いつも仕事の合間に訪れる日比谷公園。ぼくはそこで、地下鉄で思わず話しかけてしまった女性をみかけた。
彼女のことは名前も、何をしているかも知らない。それでもぼくはそこで彼女と会うのをどこかで楽しみにしていた。



長編小説は自重できているのに、その分、短編や中編小説を読む量が増えている、今日この頃。合間に読めるから、と買っているのにも関わらず、本気で読んでいることがしばしばあります。「時間はつくるもの」と知人に言われましたが、その通りなのでしょう。
こんなにブログを頻繁に更新している場合ではない気もしますが、半年溜まっていた読書熱が抑えられなくなっているようです。最後につじつまが合えば良いだろうと、だんだんタスクのハードルを下げている感がでているのが、個人的にはなんとかしたいところです。昔からそうなのですが、特に最近その傾向が強いような気がしています。

そんな私事はともかく、作品の話をしましょう。
本作は127回芥川賞受賞の中篇小説です。サラリーマンの「ぼく」の日常をさらっと書いている。そんな印象の作品ですが、そのなかの空気感はなかなか独特のものがありました。
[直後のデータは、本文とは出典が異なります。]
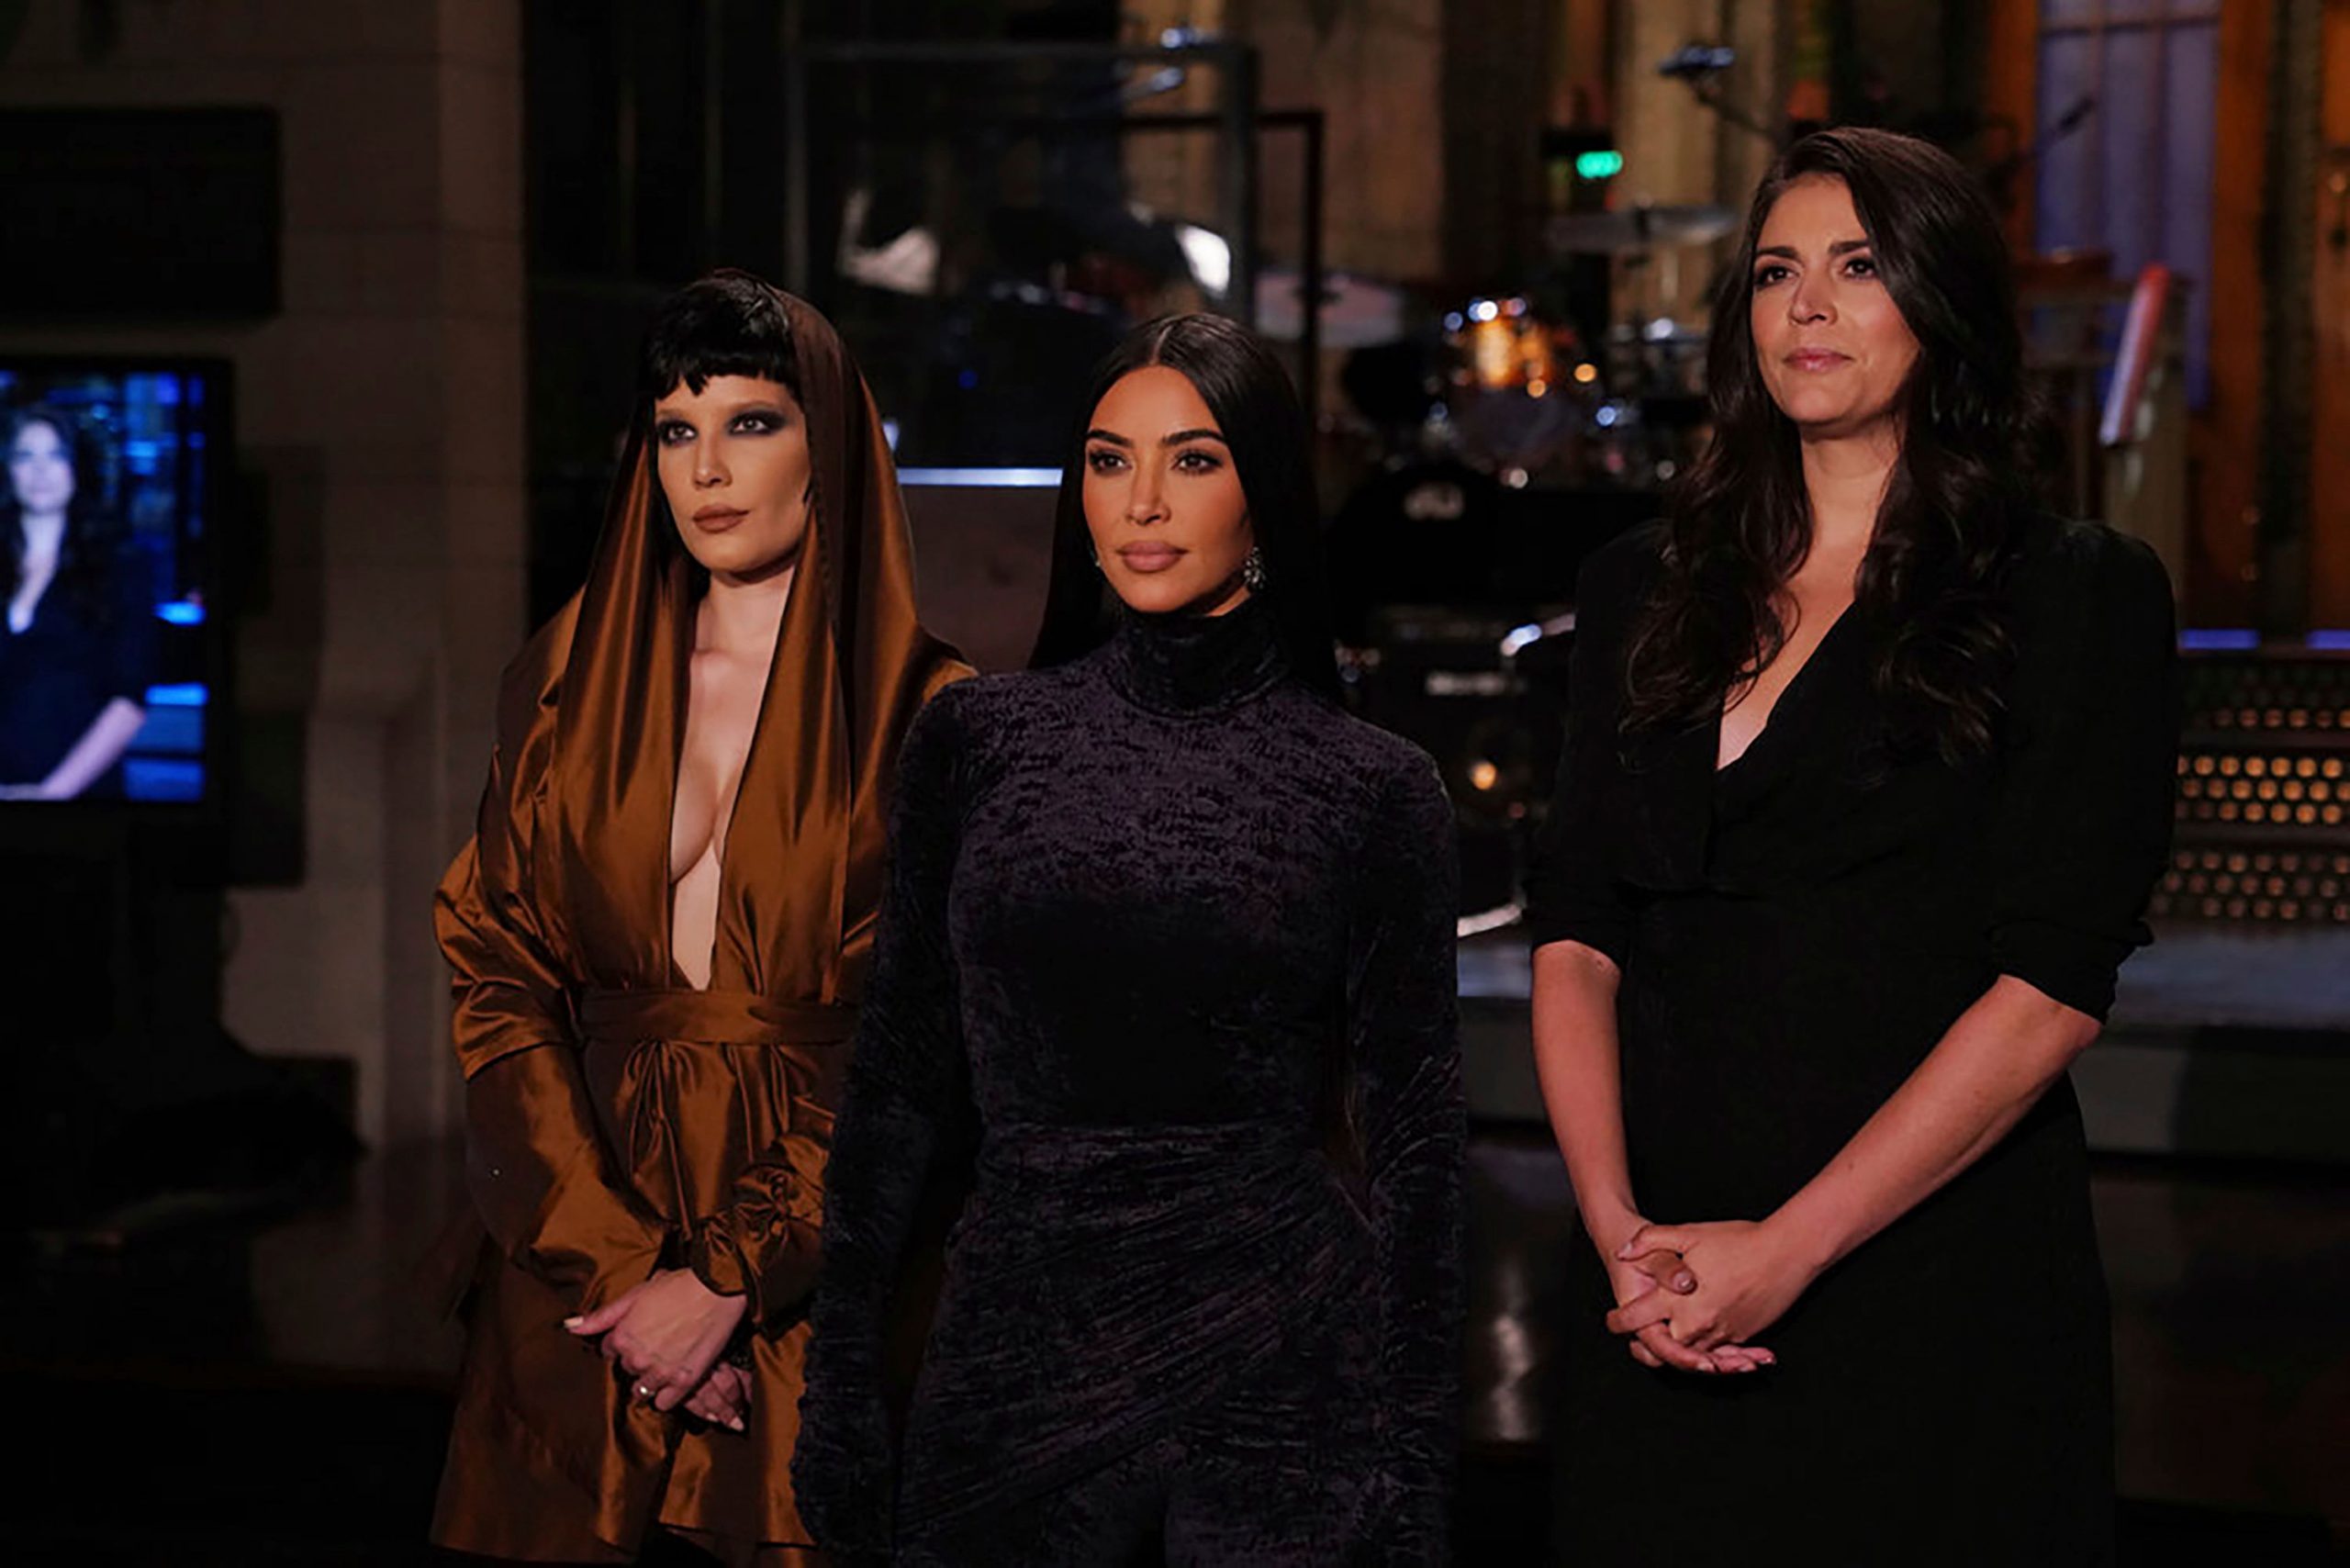 SNL: Kim Kardashian takes dig at Kanye West’s presidential run, roasts family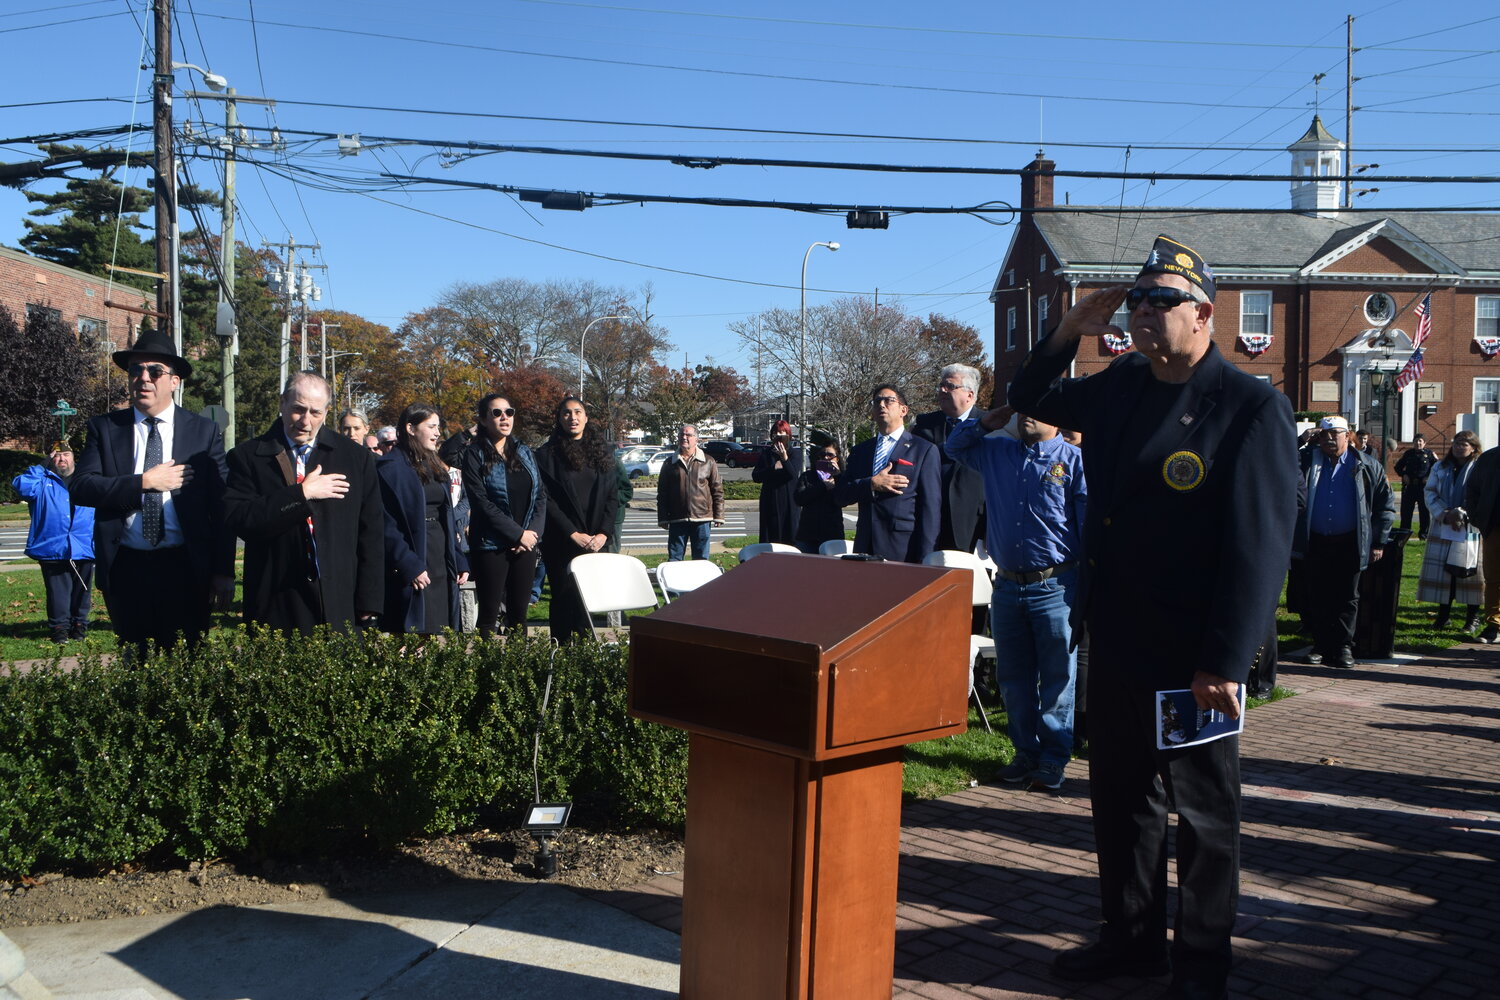 Veterans Day was commemorated in Andrew J. Parise Cedarhurst Park on Nov. 11.

舞台が日比谷公園というのはともかく、その文章の中に、スターバックスコーヒー、GAP、ビン・ラディン、「ニュースステーション」と、現代の固有名詞がこれほどでてくるのは珍しいかな、という印象です。そして、それが現実感を出しているように思います。
その一方で、「ぼく」と女の距離感、「ぼく」と公園にいる他の人との距離感とか、そうした部分には違和感を覚えました。違和感とはいいますが、それは現代ではあると思える距離のとり方であって、それをあらためて書かれると典型的な人と人の距離のとり方としては違和感があるということです。それが現代ということなのかもしれません。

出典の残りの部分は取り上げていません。